OPINION
By PHILLIPS, PJ.Plaintiff is the owner in fee simple, and, by a series of assignments, defendants on May 25, 1945, became the assignees of leases to nine oil and gas producing wells on two parcels of land, of which defendants are now in possession, situated in Monroe county, Ohio, containing 51 and 80 acres respectively, which plaintiff’s predecessors in title leased originally on April 22, 1905, and June 29, 1905, and on which lands since those dates gas and oil wells situated thereon have been in continuous operation.
The original three year lease provided, among other things, that during that period of time, and as long thereafter as oil and gas was produced, lessees, their heirs and assigns, should deliver to lessors, their heirs and assigns, in pipe lines one eighth of all oil produced thereon, and pay the owners $200.00 per annum for each gas well from which gas was *322marketed; and that lessees were to have sufficient fuel gas to operate such leases, and lessors sufficient gas for domestic purposes.
Plaintiff sued defendants in the court of common pleas for $2400.00, the alleged amount due at $200.00 per annum for gas produced on four wells for the three years since they acquired such leases; and by supplemental petition sought a judgment for an additional $800.00 gas rental allegedly due for another year.
The jury returned a verdict for the defendants, upon which the trial judge subsequently duly entered judgment. Plaintiff appealed from that judgment to this court on questions of law.
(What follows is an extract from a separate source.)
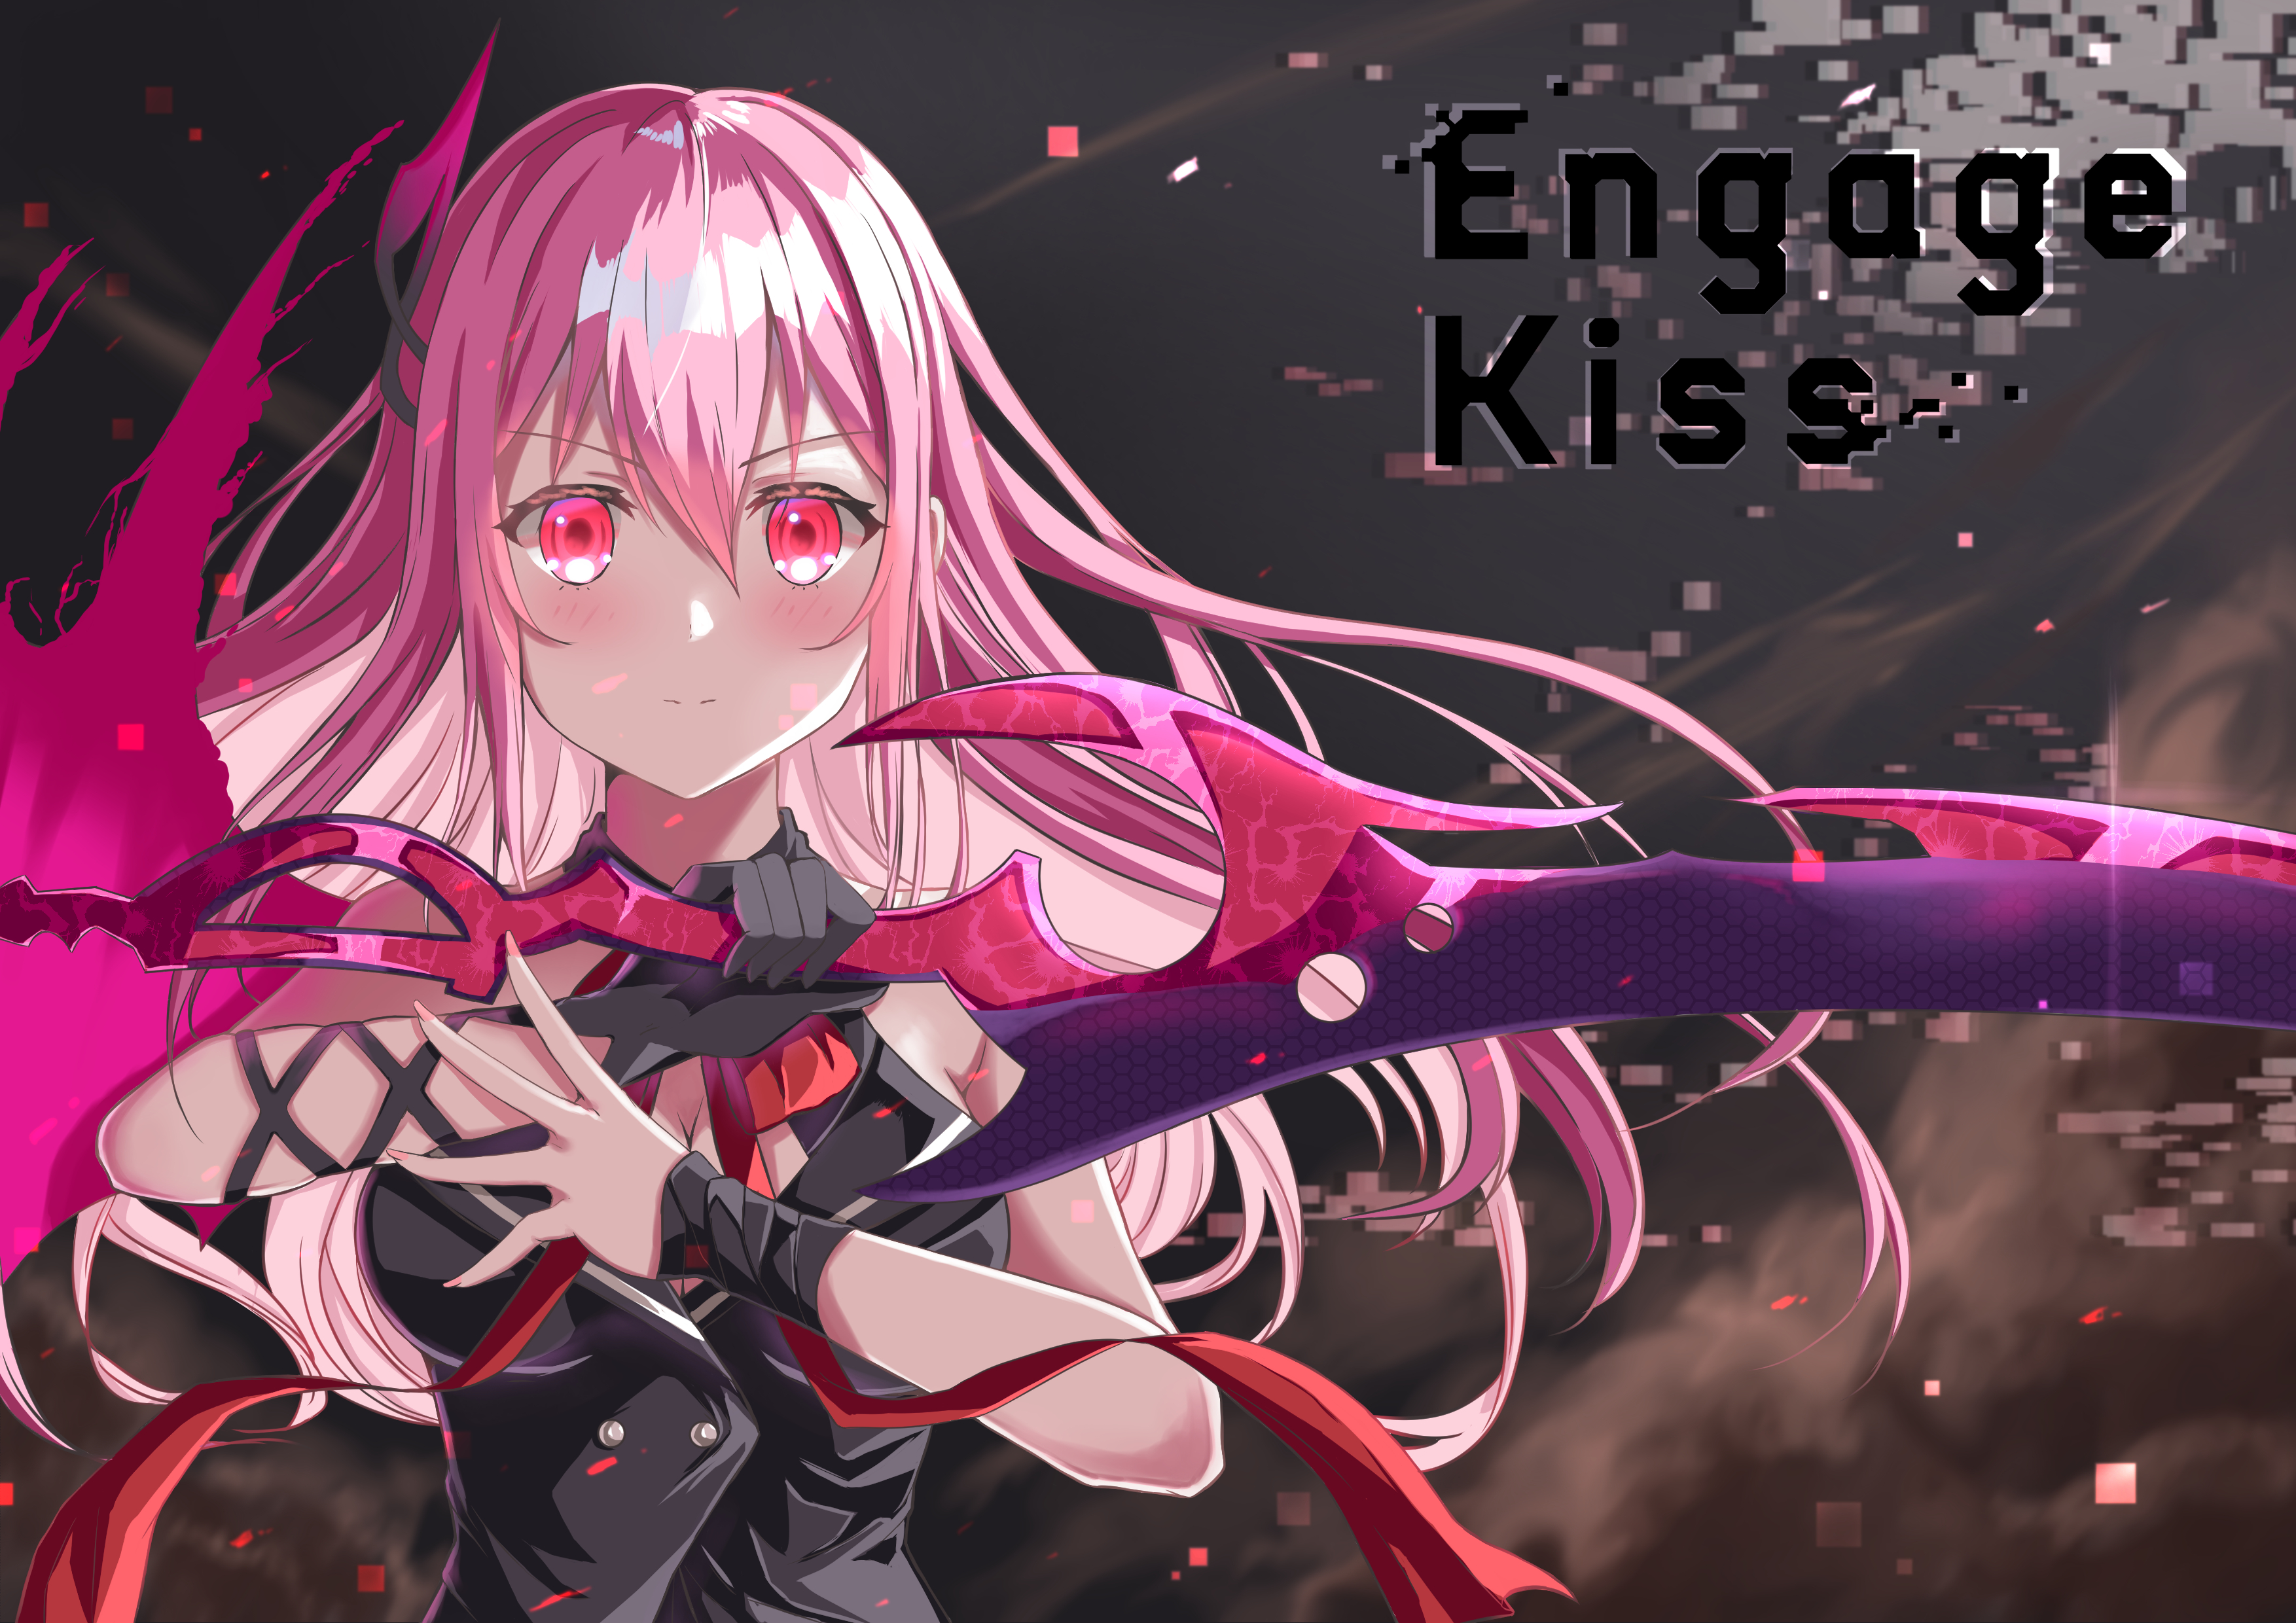 Download Kiss Anime App Free on PC (Emulator) - LDPlayer

The owners of the land never received, and never made claim for, any compensation for gas produced by any well during the existence of such lease, although they were in possession of all facts relative to the operation of the wells during the •existence of such lease that the operators thereof possessed.
There is evidence, properly admitted, that during the time ■defendants operated the wells, which were the subject of litigation in the trial court, which is the only time in which we are interested in this appeal, that for a period of many years such wells could be, and now are being, operated on a financially successful basis as oil wells only by shackling them with other wells, all totaling forty-eight wells, which is, and was, the common practice in Monroe County, and which practice was used by their assignors; that the gas they produced, none of which was marketed, was commingled in a common line with gas from other wells owned and operated by defendants, which is used for the operation of all such wells, including plaintiff’s, and for heating and lighting buildings, other than those of the plaintiff situated on the leased lands; that defendants’ wells other than those which were the subject of litigation in the trial court produced as much or more gas as such wells did.
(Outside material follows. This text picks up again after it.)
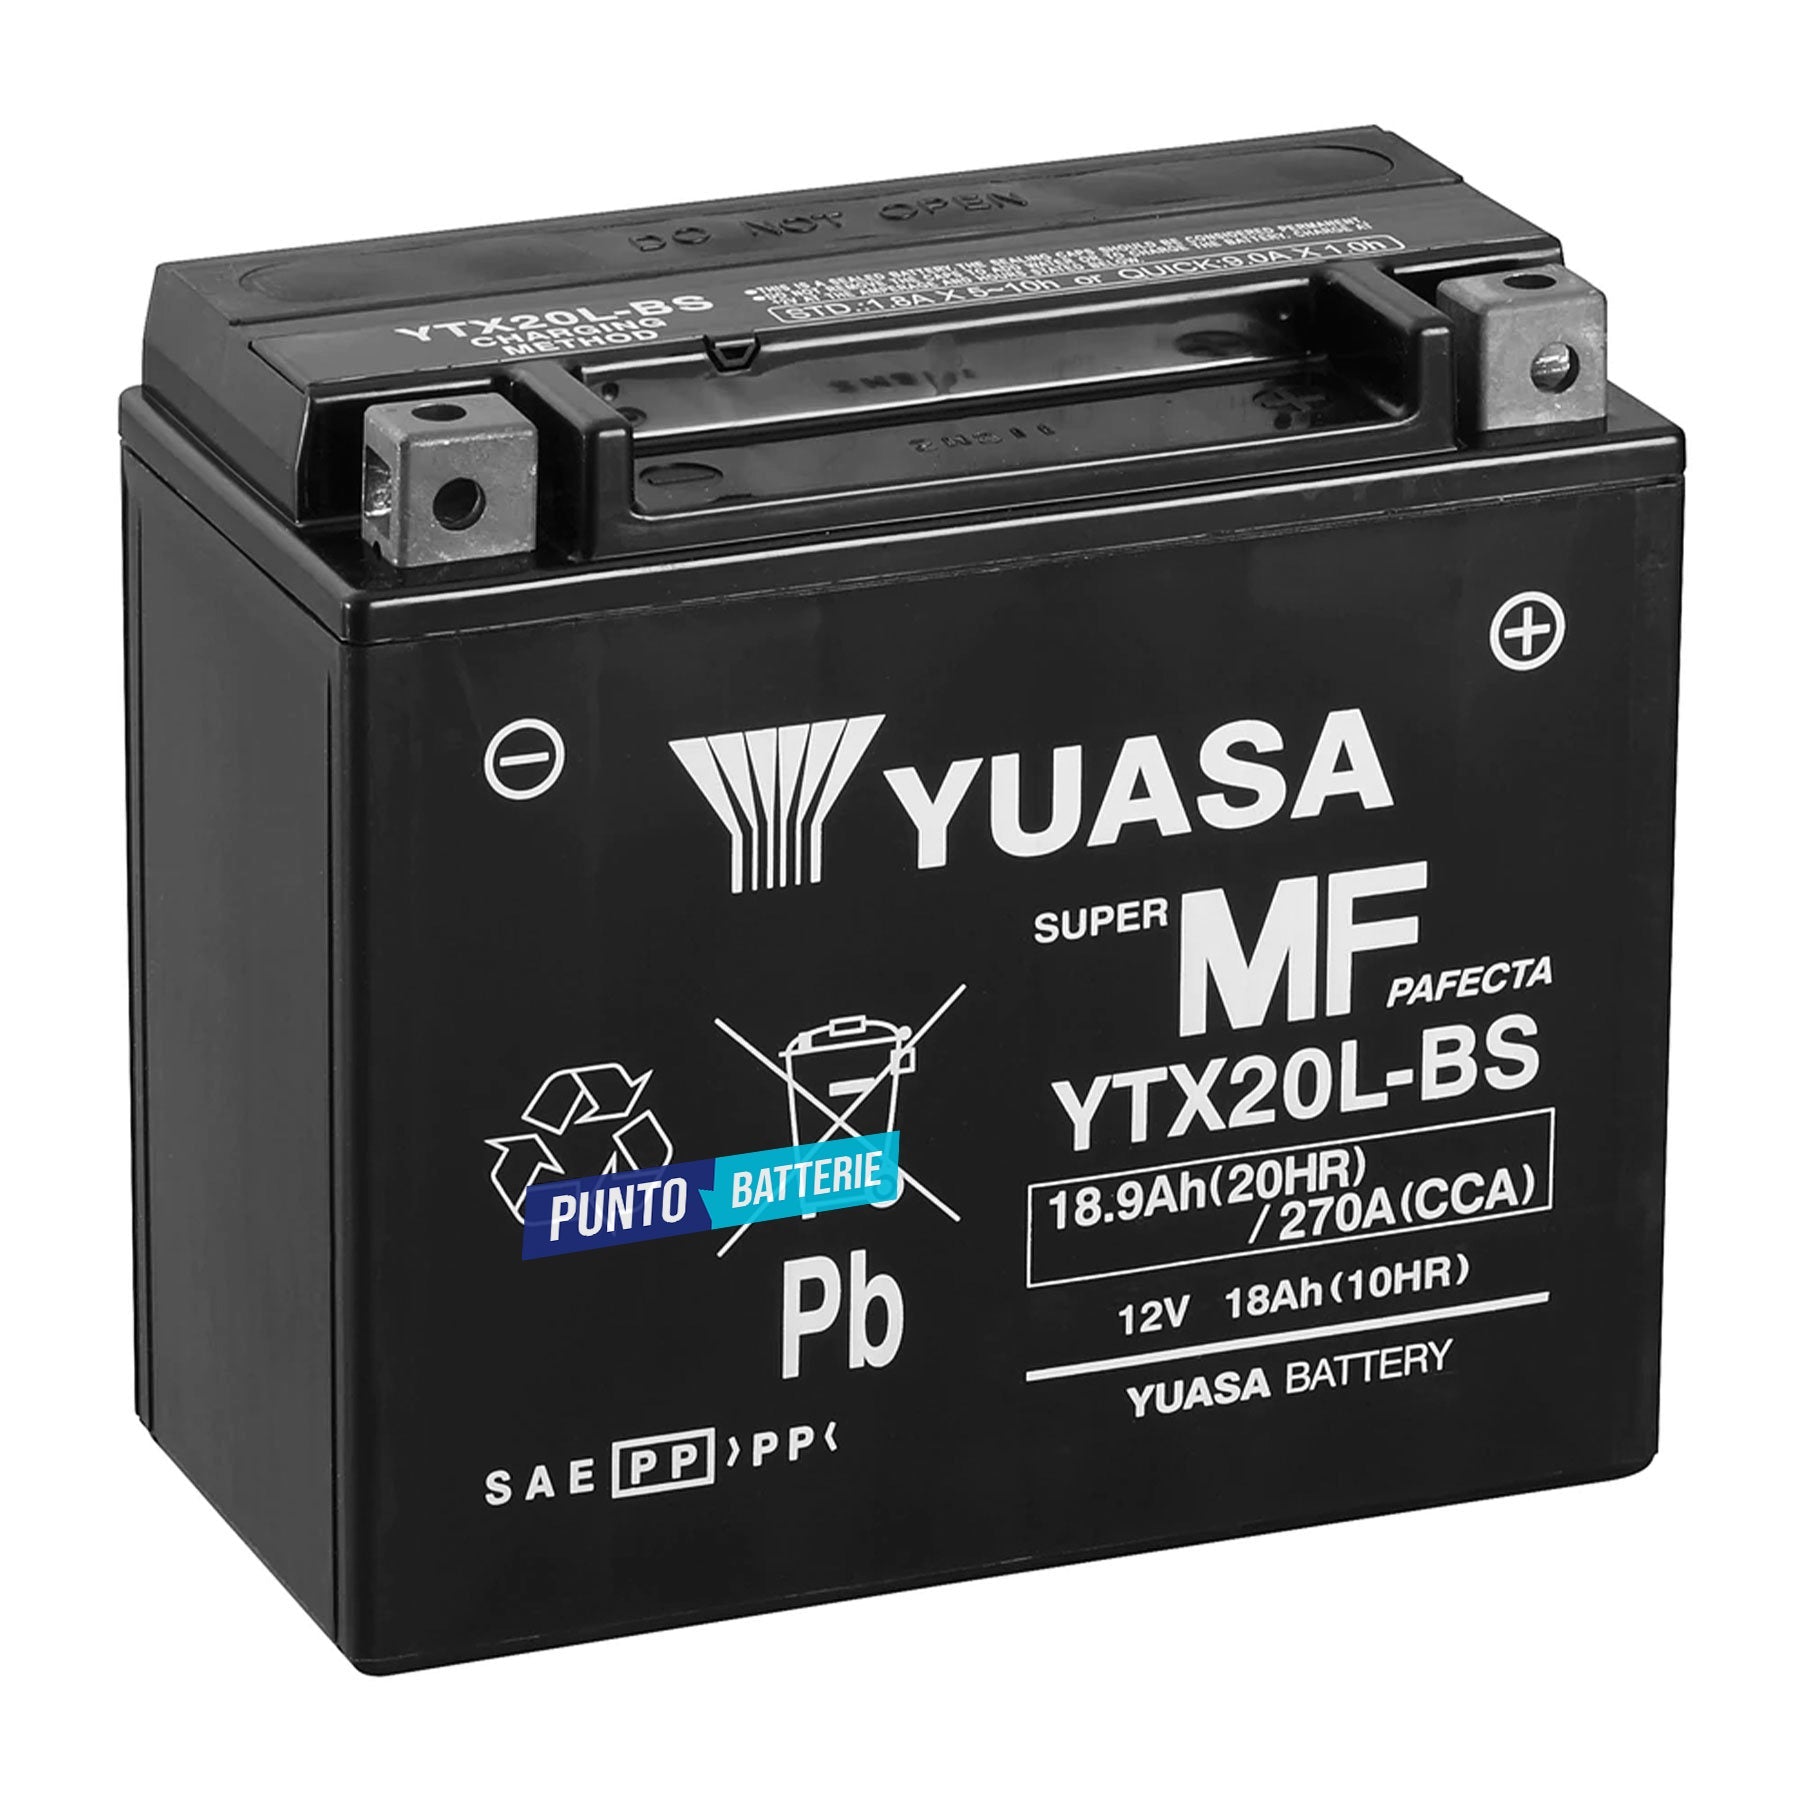 Batteria originale Yuasa YTX YTX20L-BS, dimensioni 175 x 87 x 155, polo positivo a destra, 12 volt, 18 amperora, 270 ampere. Batteria per moto, scooter e powersport.

On the question of custom this court in the case of Weisant v. Follett, 17 Oh Ap 371, said:—
“When the term of a lease was to continue ‘as long as oil may be found in paying quantities,’ and the shackling of a large number of wells together, located on different leaseholds, operated by a single power plant, was in general use in the vicinity at the time of the making of the lease, it may toe presumed that the parties contemplated such use and test, and their rights may be so determined.”
*323In that case, speaking for the court, Judge Roberts said: “The plaintiff lived upon the leased land and saw the lessee and the succeeding owners install and continue in operation this method of pumping, without complaint,” as did the appellant in this appeal until he sued defendants in the court of common pleas.
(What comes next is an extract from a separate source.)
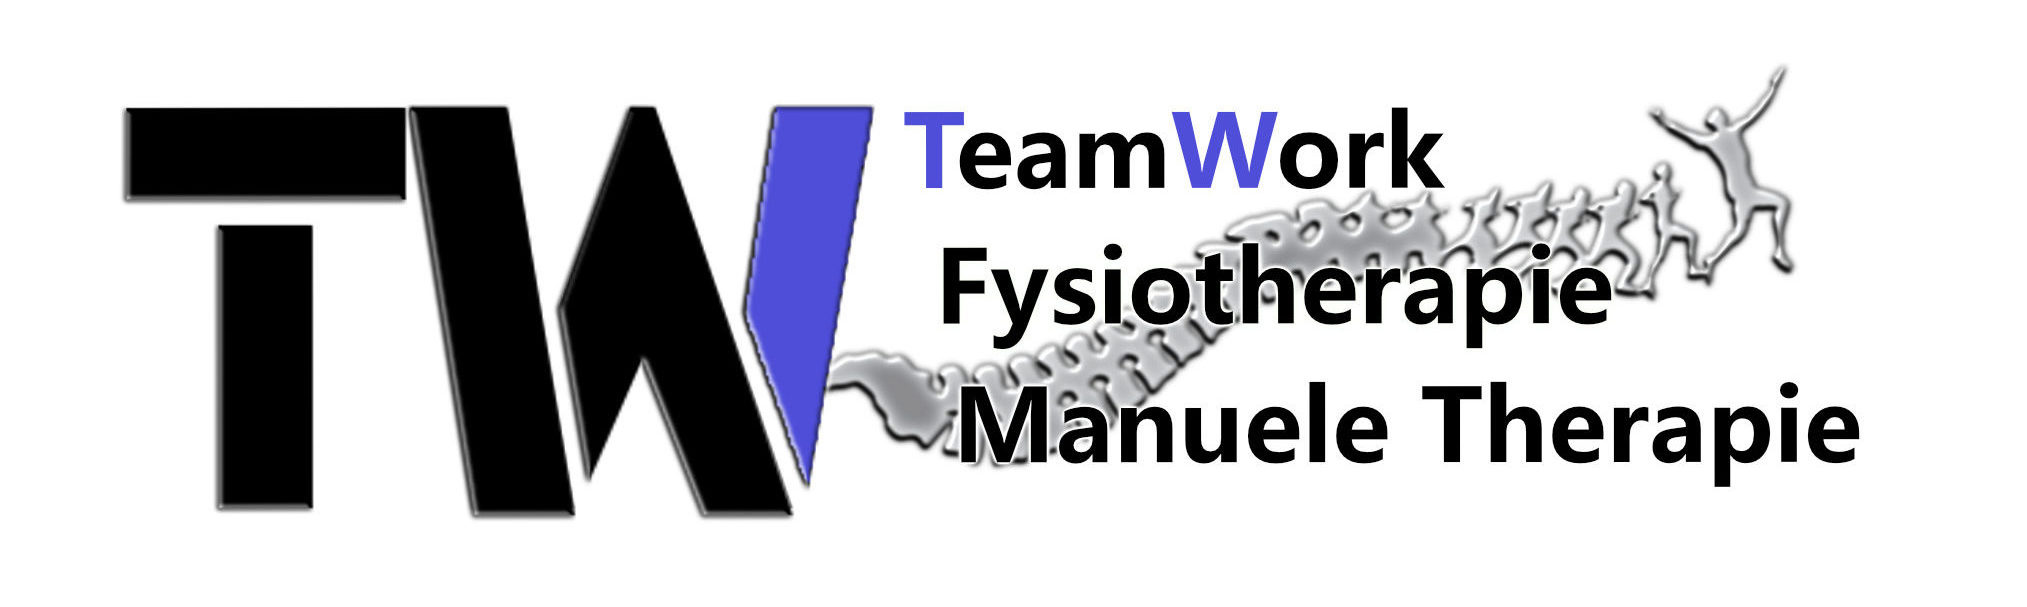 TeamWork Fysiotherapie & Manuele Therapie

This court followed the reasoning of Judge Roberts in the unreported Monroe County case of Woodsfield Building and Loan Company, a corporation, appellant, v. George M. Thornberry, William H. Pickens, O. Lucas, and Alonzo Bartenschlag.
It is the duty of counsel for plaintiff to direct the attention of this court by oral argument, or brief, to the specific evidence they claim was admitted to defendants’ prejudice. However, in this case we have read the reasonably lengthy bill of exceptions, and carefully noted all objections made “by counsel for plaintiff,” and we find no error prejudicial to plaintiff, as he urges, in the admission of evidence of custom and common practice in the operation of oil and gas wells in Monroe County.
In his second assigned ground of error plaintiff contends that the trial judge erred to his prejudice in refusing to charge the jury in writing before argument that:—
“2. A ‘custom’ as applied to usage which is embodied in a contract is something which has the force and effect of law by usage and consent of the people, and it must be uniform and universal within its sphere of action and so ancient that the memory of man runneth not to the contrary. (Swan v. Churchill, 155 Ill. App. 505.)
“3. You are instructed that loose, variable custom or discretionary practice does not rise to the dignity of a ‘custom’ so as to control interests of parties to a contract if usage leaves some material element to right of exercising options or decisions of one of the parties. (Martin v. State Highway Board, 180 S. E. 614, 616; 50 Ga. App. 856; King v. Shelton, 252 S. W. 194, 195.)”
Without further word under the evidence in this case, which has been read and studied carefully, we conclude that the trial judge did not err to plaintiff’s prejudice in refusing to so charge the jury.
The judgment of the court of common pleas is affirmed.
NICHOLS, J, BUCKLEY, J, concurs in judgment.